One can question how someone could remain unbiased while possessing a subjective idea. Yes, it is possible. Being subjective is never bad, whenever you express it in larger national interests and of course in compliance with the goals of our democratic polity and constitution. Here, larger national interests too have various meanings. An idea initiated by liberals, claims that, this is the idea that will take this country forward and would cater to the needs of common people. On the other hand, conservatives too float their own ideas claiming that their idea is the best and suitable for the common good.

The problems begin when two different ideas confront each other. And here’s where the job of the journalists begin. Media interprets the two different ideas and put the right one before the common people by making these ideas understandable to them while doing justice to the people and cherishing the fundamentals of our constitutional mandates.

While I am writing this, few of my fellow journalists, friends and other intellectuals may disagree with my points and can definitely remind me of the lifelong lessons that have been imparted to us to remain neutral at all times. Regardless of the above arguments, we must dare to stand by the pair of ‘people and truth’, if we care about the significance of subjective elements and the perspectives. One can preserve his/her objectivity while having a perspective at the same time. I believe as a citizen of this country that being subjective in a legitimate sense and doing away with ‘super objectivity’ is very important especially in a country like ours where millions of citizens are still not literate.

The growing tendencies among journalists and media houses to achieve ‘super objectivity’ often lead to a disastrous situation that ultimately sets aside the centre point of public concerns.

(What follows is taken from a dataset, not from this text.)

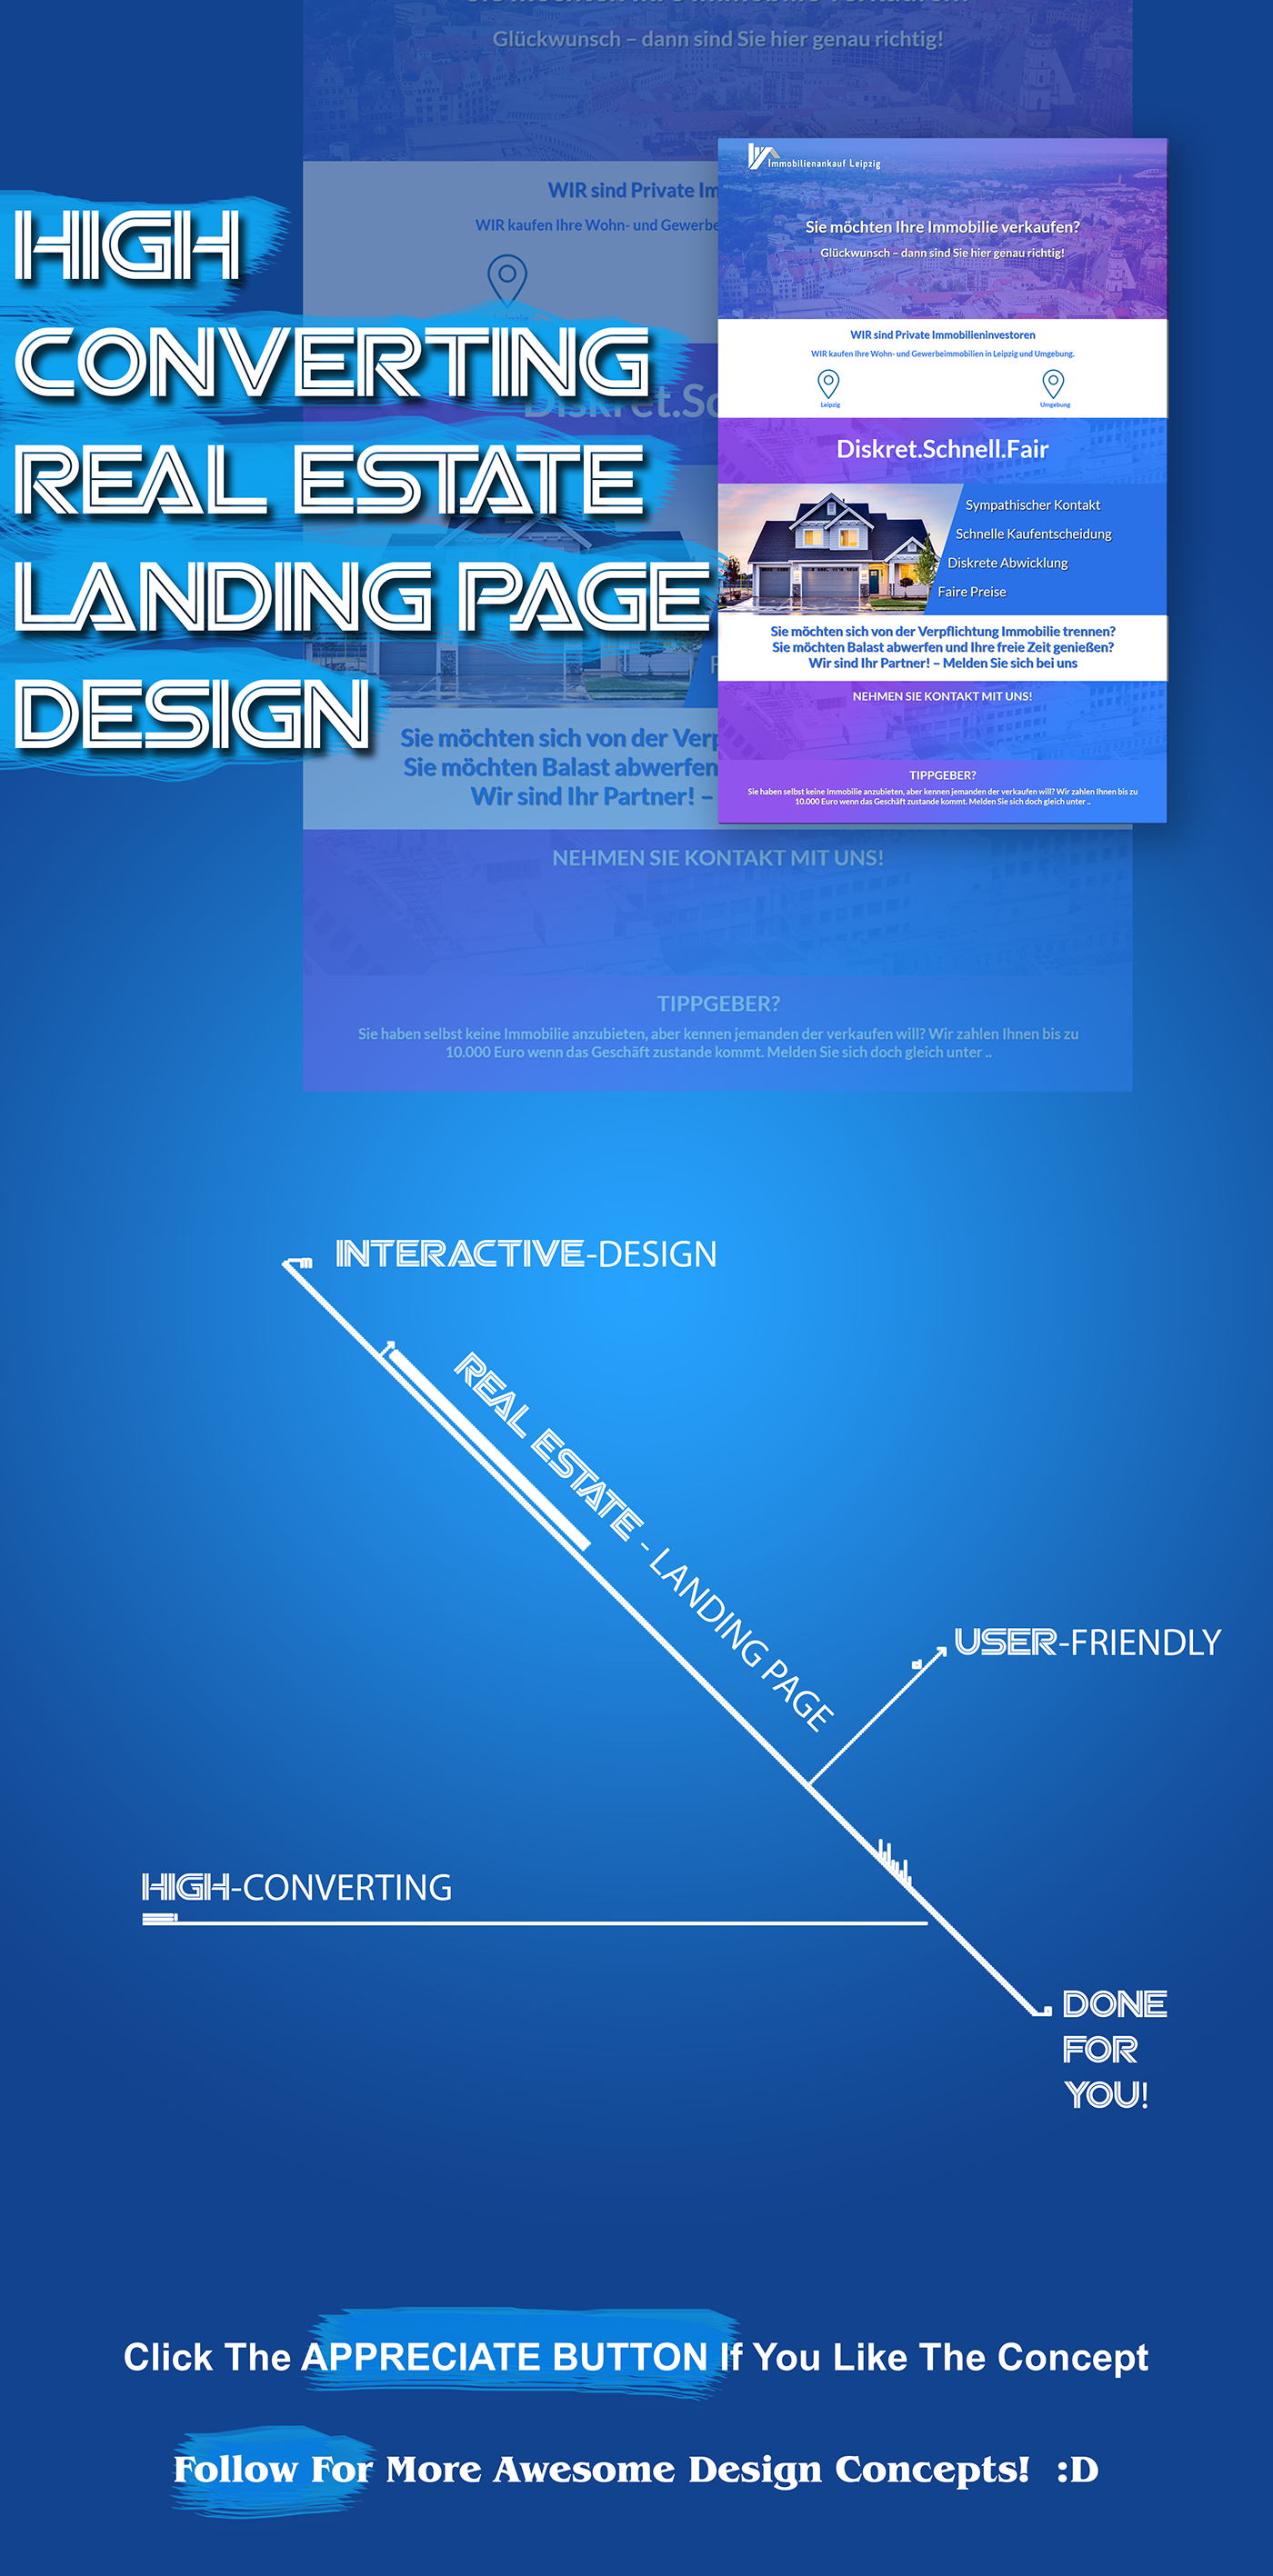 real estate landing page Web Design  mohammad ali nijhoom nijhoom graphic design  Mockup perspective mockup Web Template Web designer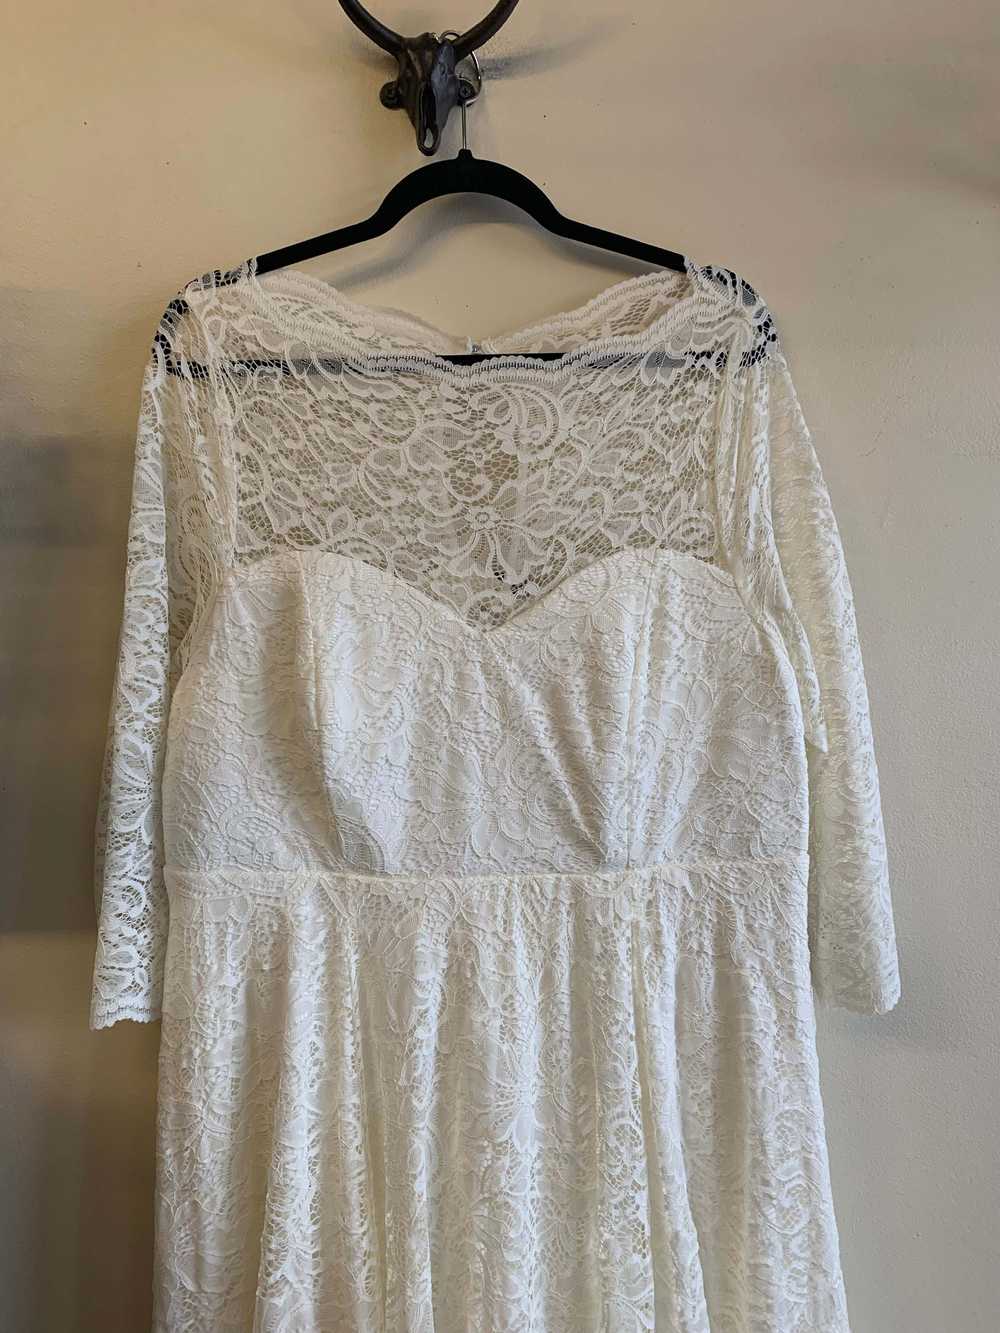 Torrid Ivory Lace Wedding Dress - 2X - image 4

For example, the objective elements based on the Prime Minister’s app opinion poll on demonetisation, suggest us that everything is good. It creates an impression that the people of this country have supported this move overwhelmingly but the perspectives and insights compel us to tell everyone a completely different story. Almost all the news channels and newspapers started singing in the same tune what is being already orchestrated by the government since the scheme has been adopted.

Questioning the survey’s sample size seemed like a huge no-no. Hiding the facts and numbers regarding smartphone users among our vast population shows the pro-objective nature of journalism with more inclination towards the government’s take. Now tell me, how justified is to vindicate oneself with this tiny sample size of 1 million in a country of over one billion?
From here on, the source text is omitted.